Segment Start: Recorded data

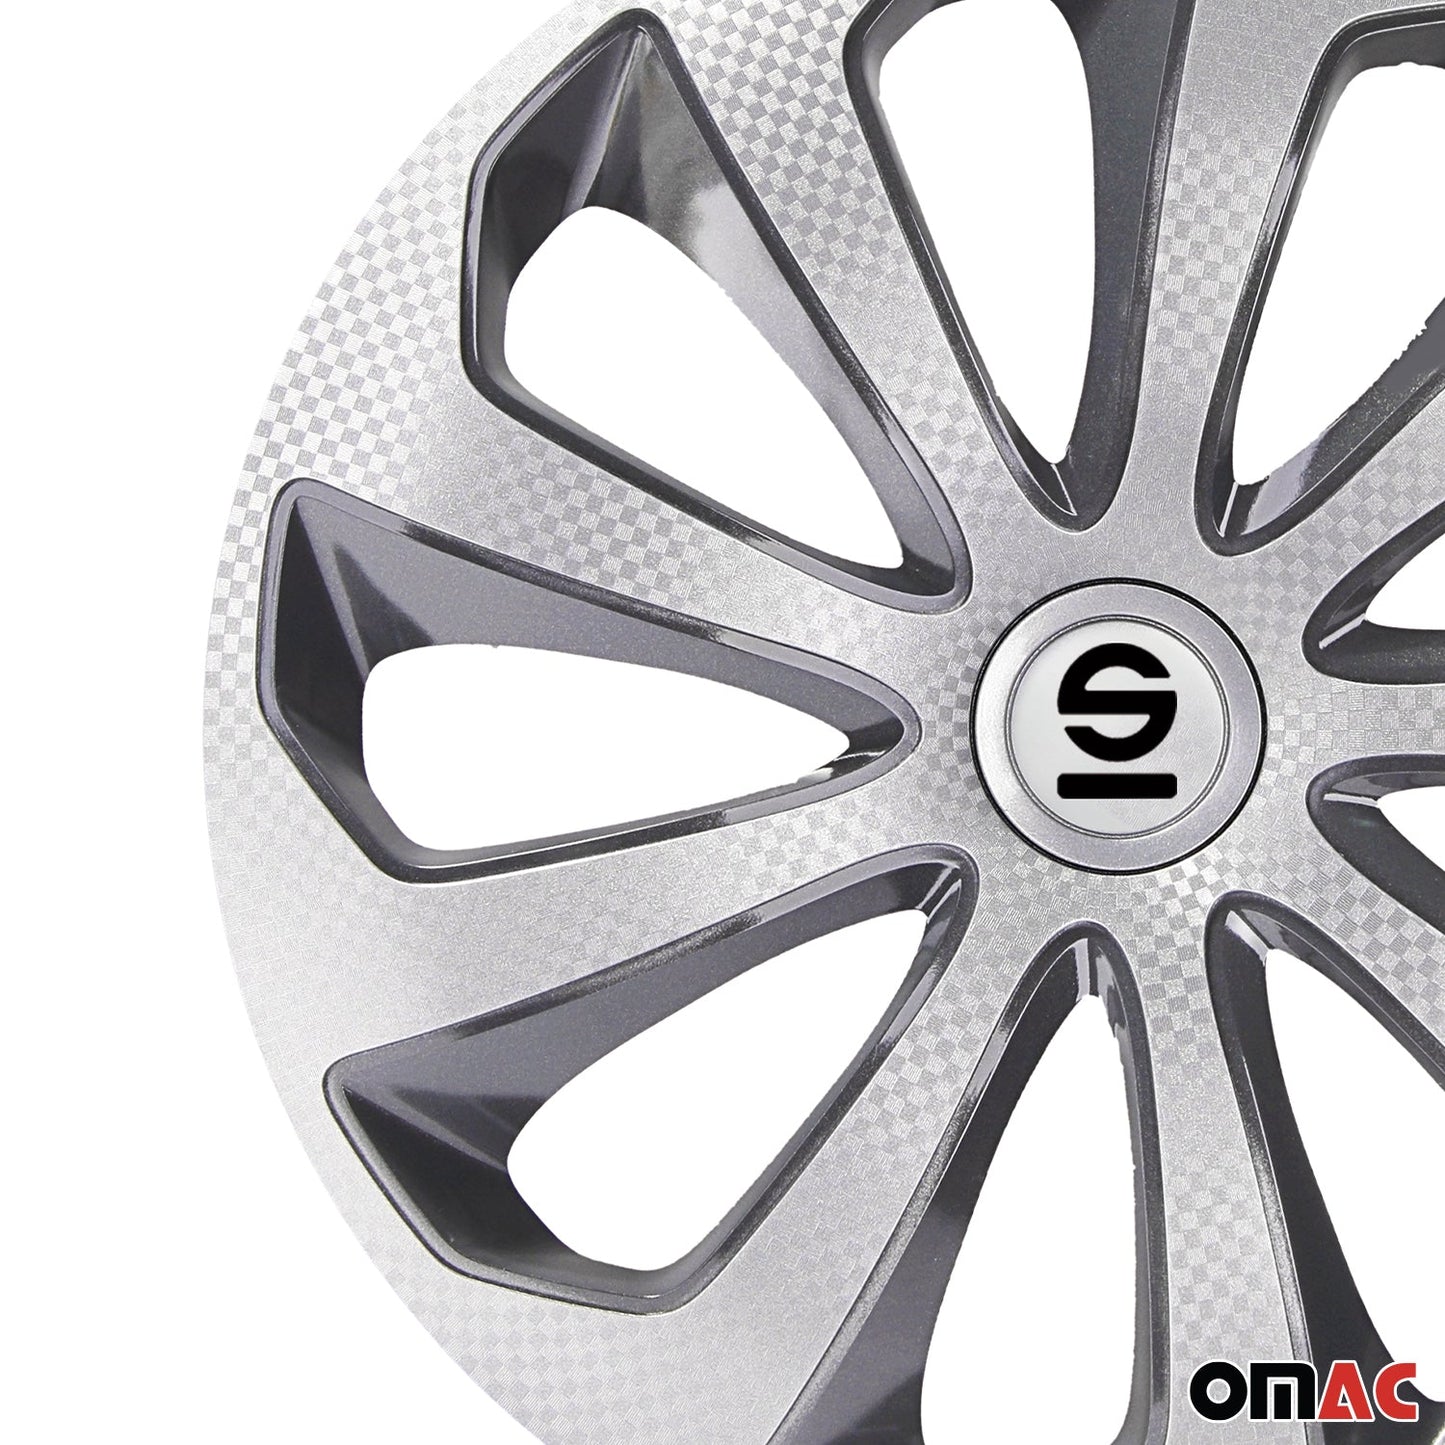 OMAC 14" Sparco Sicilia Wheel Covers Hubcaps Silver Carbon Gray 4 Pcs 96SPC1475SVGRC
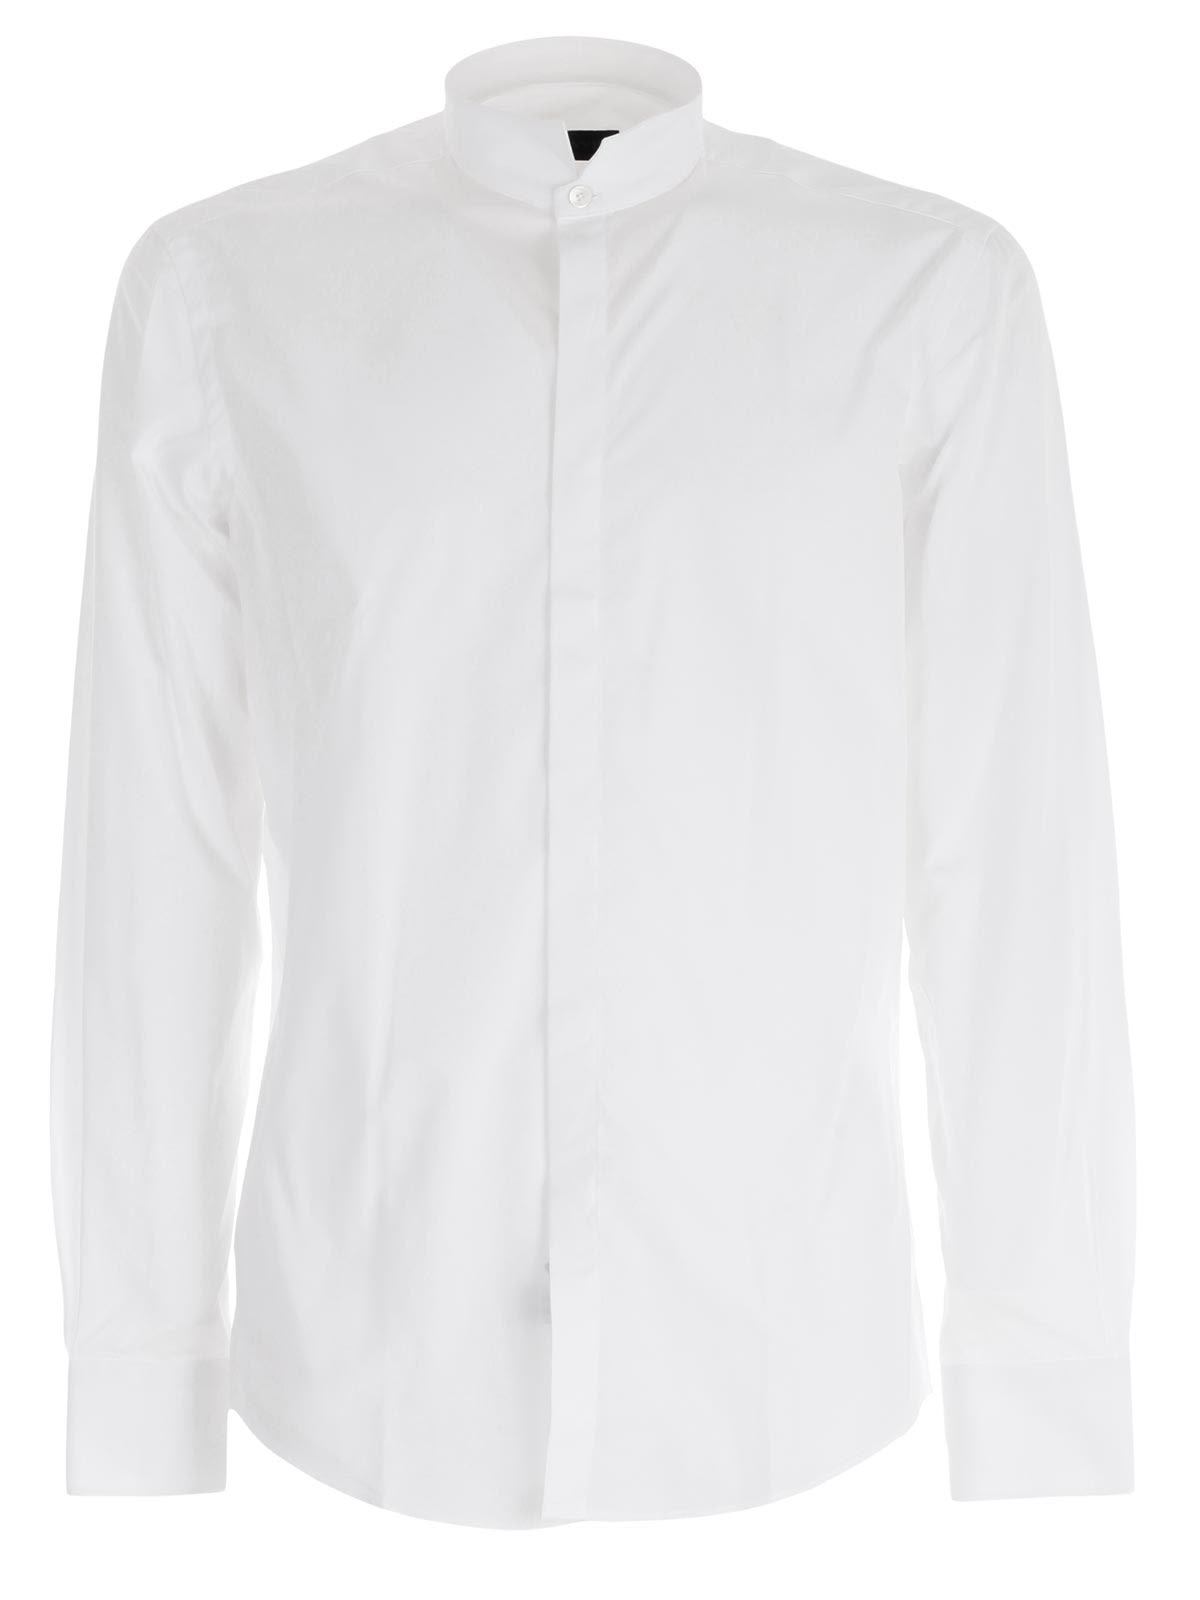 Lanvin - Lanvin Shirt - White, Men's Shirts | Italist
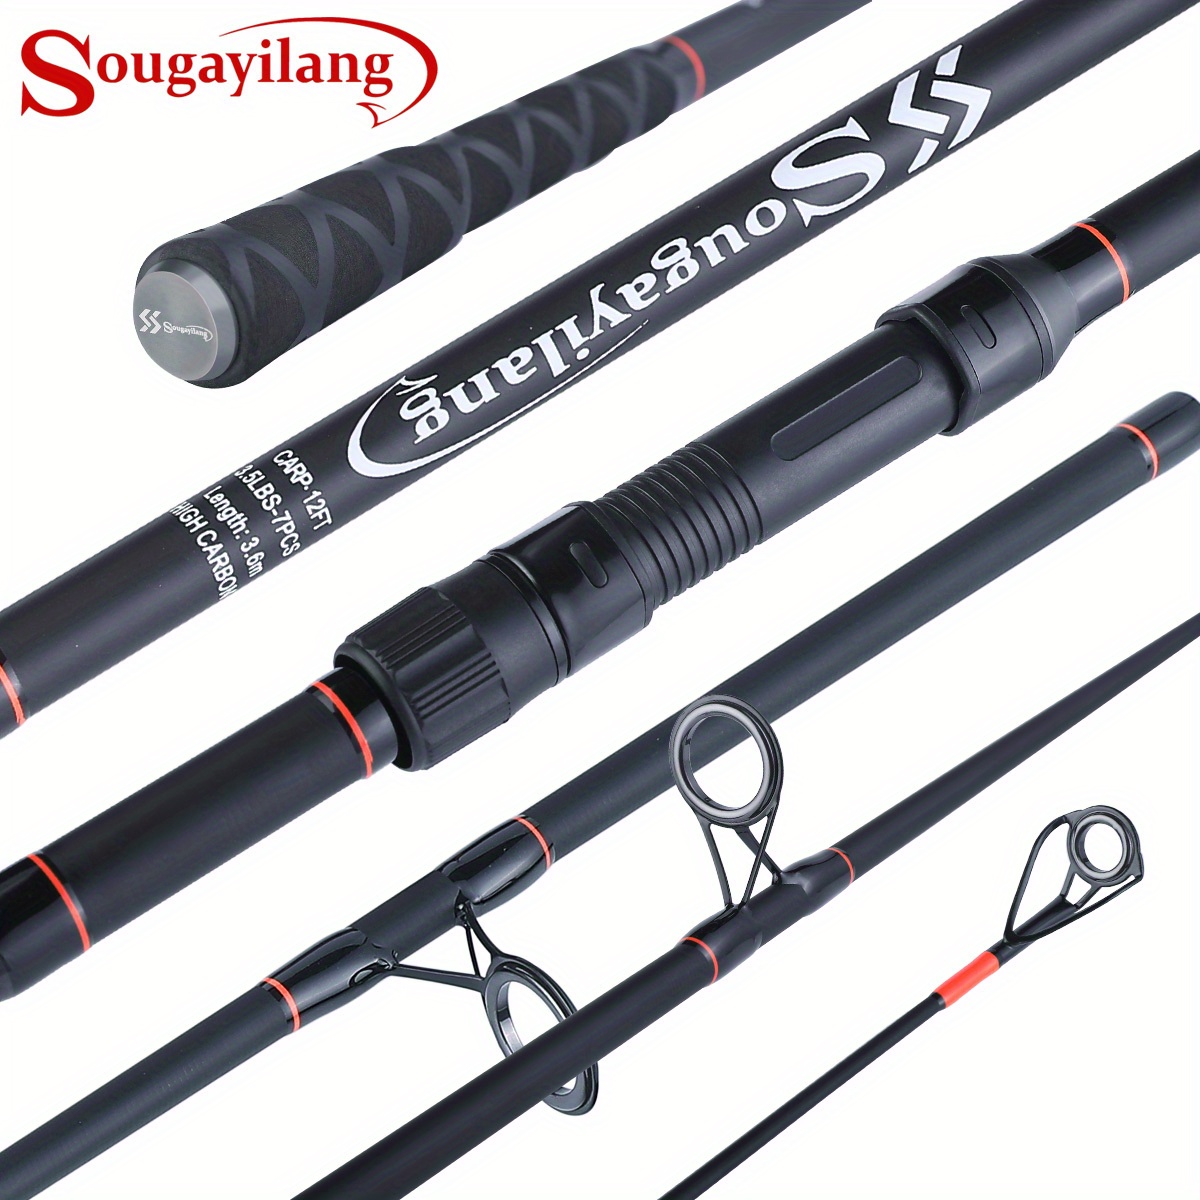 

Sougayilang [for Advanced Anglers] Fishing Rod Carbon Fiber Carp Rod, 3m/9.84ft 3.6m/11.81ft 6/7-piece Fishing Pole, Comfortable Handle For Carp Fishing
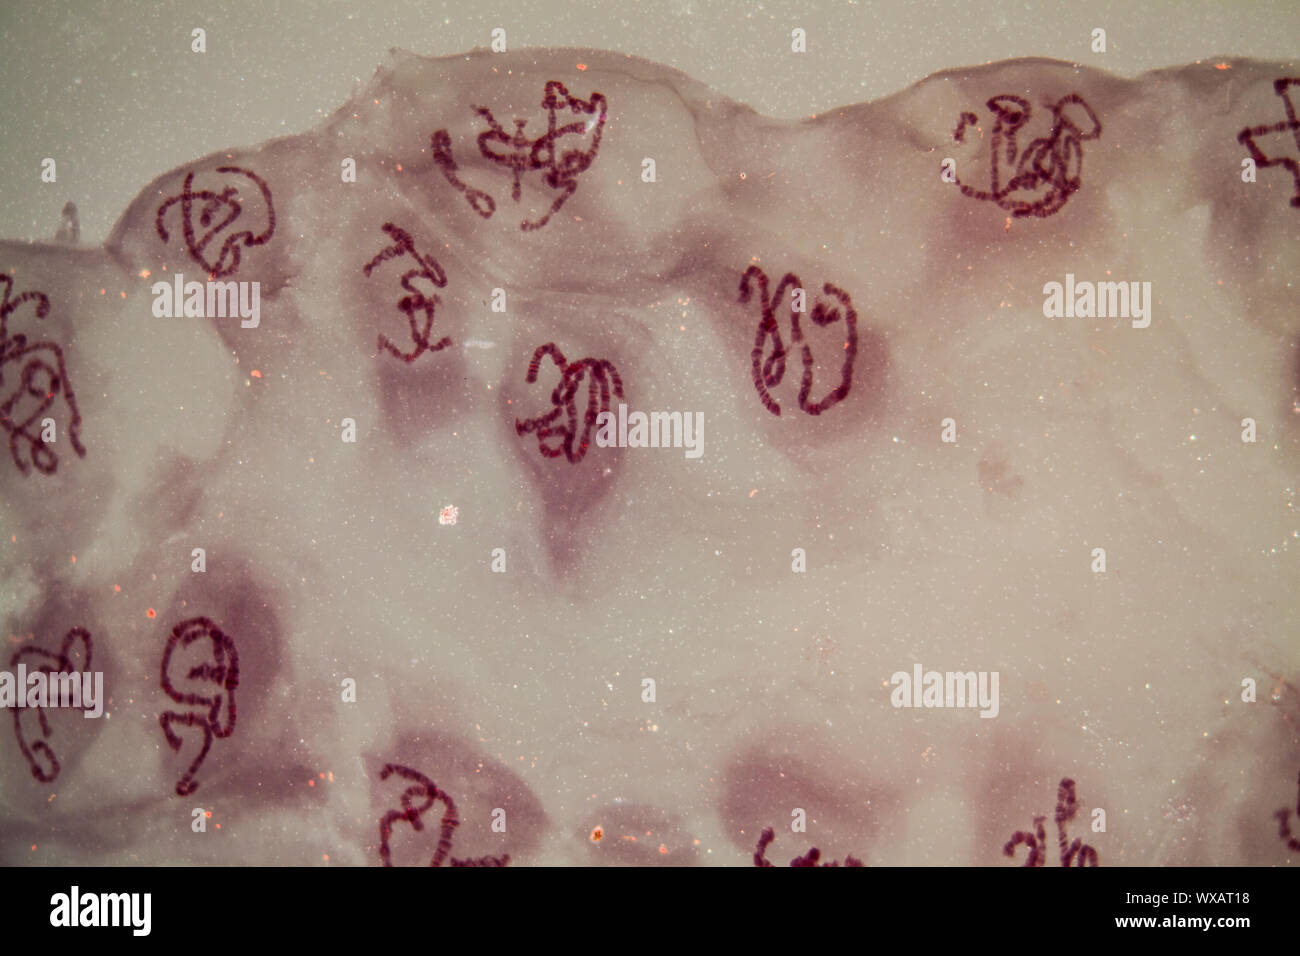 Giant chromosomes under the microscope 400x Stock Photo

Segment End: Recorded data

Since the pictures are not wanted, write out the rest of the data exactly as it reads.

_Task solution_
 OMAC 14" Sparco Sicilia Wheel Covers Hubcaps Silver Carbon Gray 4 Pcs 96SPC1475SVGRC
 Lanvin - Lanvin Shirt - White, Men's Shirts | Italist

Sougayilang [for Advanced Anglers] Fishing Rod Carbon Fiber Carp Rod, 3m/9.84ft 3.6m/11.81ft 6/7-piece Fishing Pole, Comfortable Handle For Carp Fishing
 Giant chromosomes under the microscope 400x Stock Photo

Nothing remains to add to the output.